Scientific classification
- Kingdom: Animalia
- Phylum: Chordata
- Class: Chondrichthyes
- Subclass: Elasmobranchii
- Division: Selachii
- Order: Pristiophoriformes
- Family: Pristiophoridae
- Genus: Pliotrema
- Species: P. warreni
- Binomial name: Pliotrema warreni Regan, 1906

= Sixgill sawshark =

- Genus: Pliotrema
- Species: warreni
- Authority: Regan, 1906
- Conservation status: LC

Species of shark

The sixgill sawshark, Pliotrema warreni is a sawshark of the family Pristiophoridae. Unlike other sawsharks, the barbs on this shark's rostrum continue onto the sides of the head. Its barbels are also closer to its mouth than in other species.

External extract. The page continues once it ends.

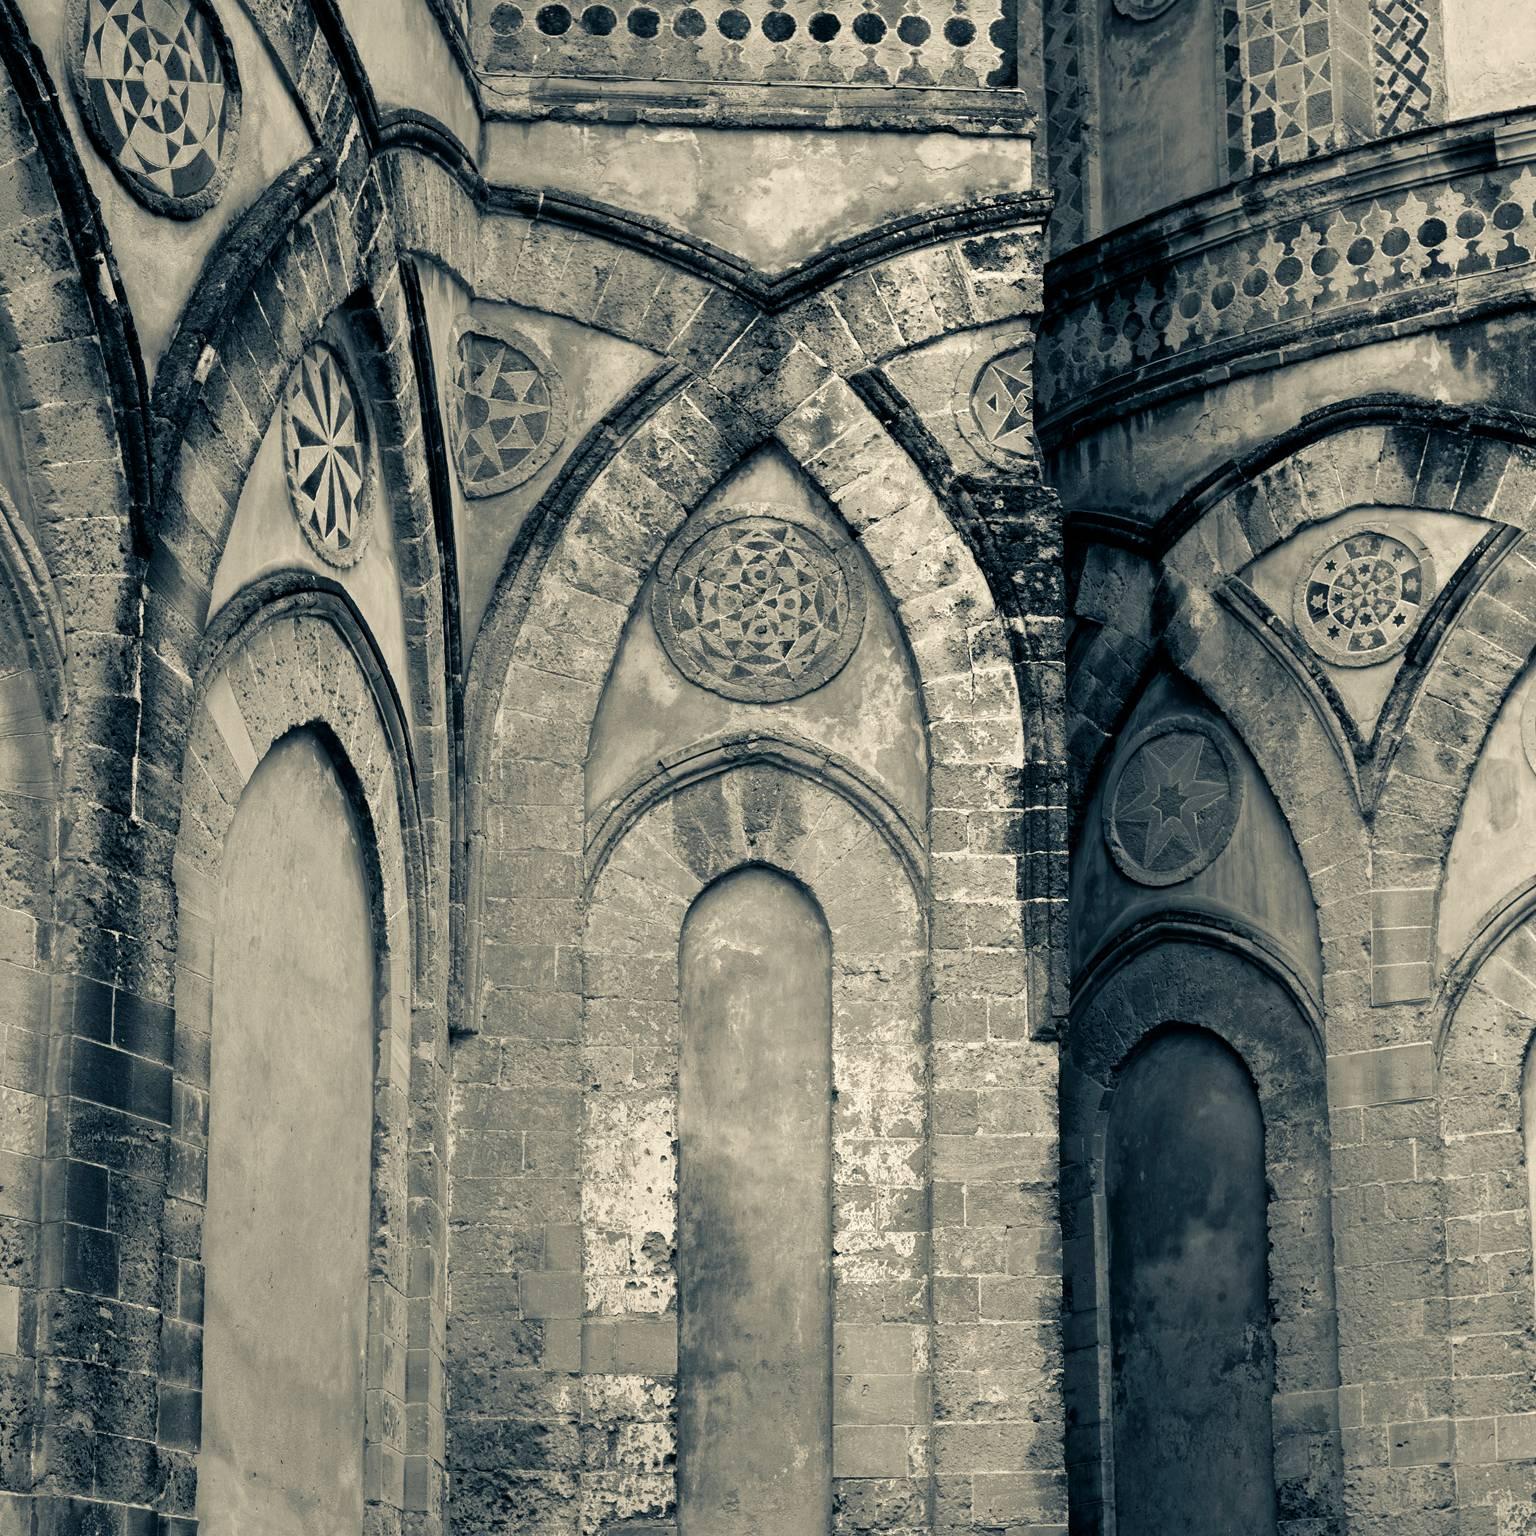 Cattedrale di Monreale, Version 2 - Photograph by Massimo Di Lorenzo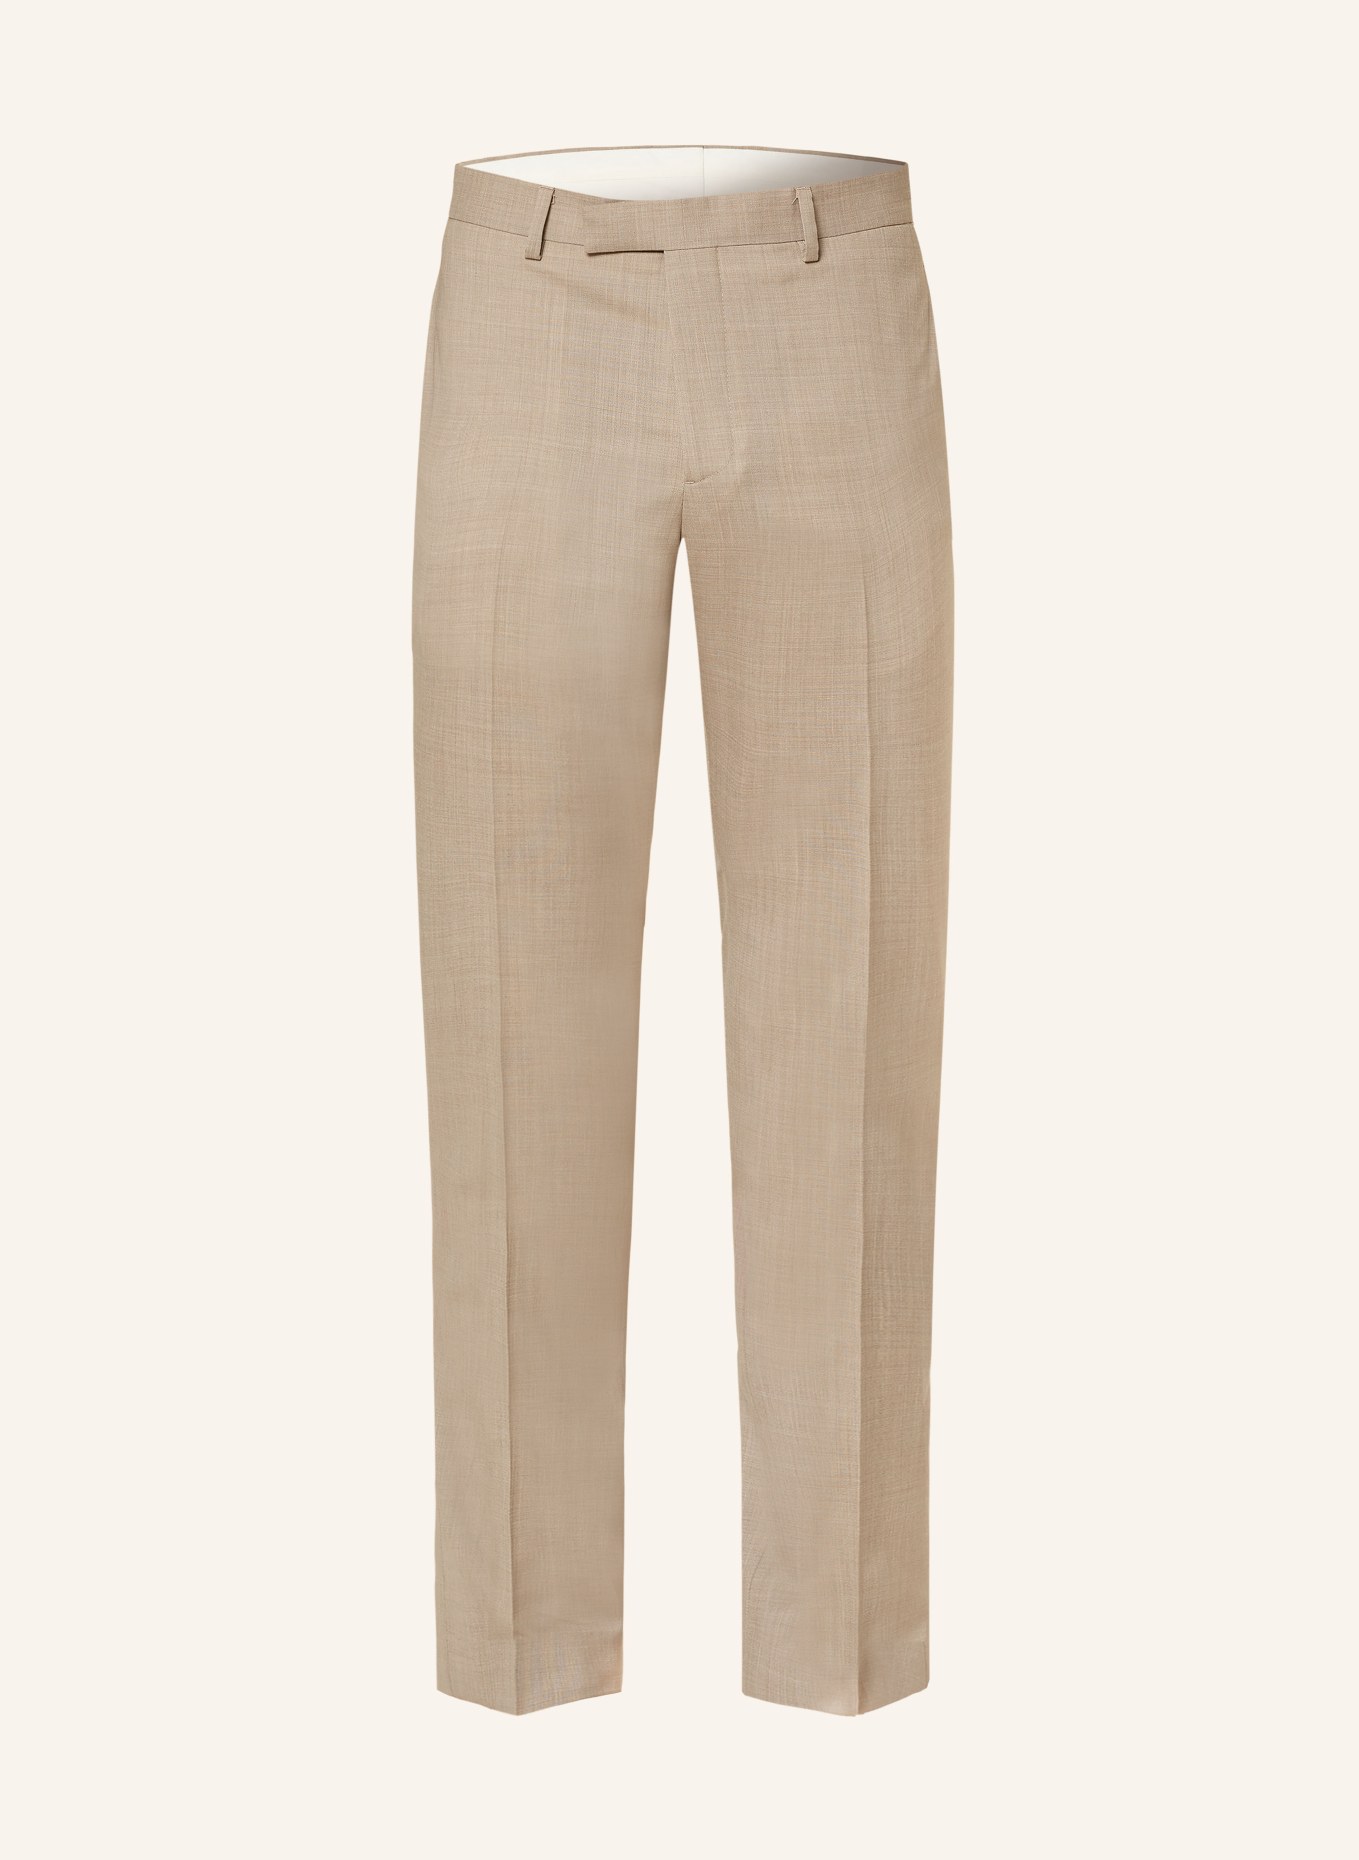 SANDRO Anzughose Slim Fit, Farbe: 72 TAUPE (Bild 1)

At maximum, females can reach over 136 cm long, and males can reach over 112 cm long.

==Range and habitat==
The sixgill sawshark is found in the temperate and subtropical waters of the western Indian Ocean between latitudes 23° S and 37° S, at depths of between 37 and 500 m. This shark lives in the benthic and benthopelagic zones of the continental shelf. Adults are partially segregated from juveniles, as they naturally tend to aggregate at lower depths.

==Behavior==
Using their sensitive barbels and electric sense, sixgill sawsharks are able to find their prey and then incapacitate them with their rostrum. Their known diet includes small fish, crustaceans, and squids. The only observed predator of the sixgill sawshark is the tiger shark, though it is likely other large sharks predate this species. These sharks, like other sawsharks, are ovoviviparous. They are thought to breed annually, giving birth to around five to seven pups per litter. It is possible that they come to inshore pupping grounds to give birth. The pups are around 35 cm at birth, and they later mature at around 83 cm if they are male, and around 110 cm if they are female.

==Conservation==
The sixgill sawshark is listed as Least Concern by the IUCN Red List. Though they are not sought after in any market, they are frequently caught as by-catch and disposed. Because of their deep habitat, sixgill sawsharks are not considered a threat to people.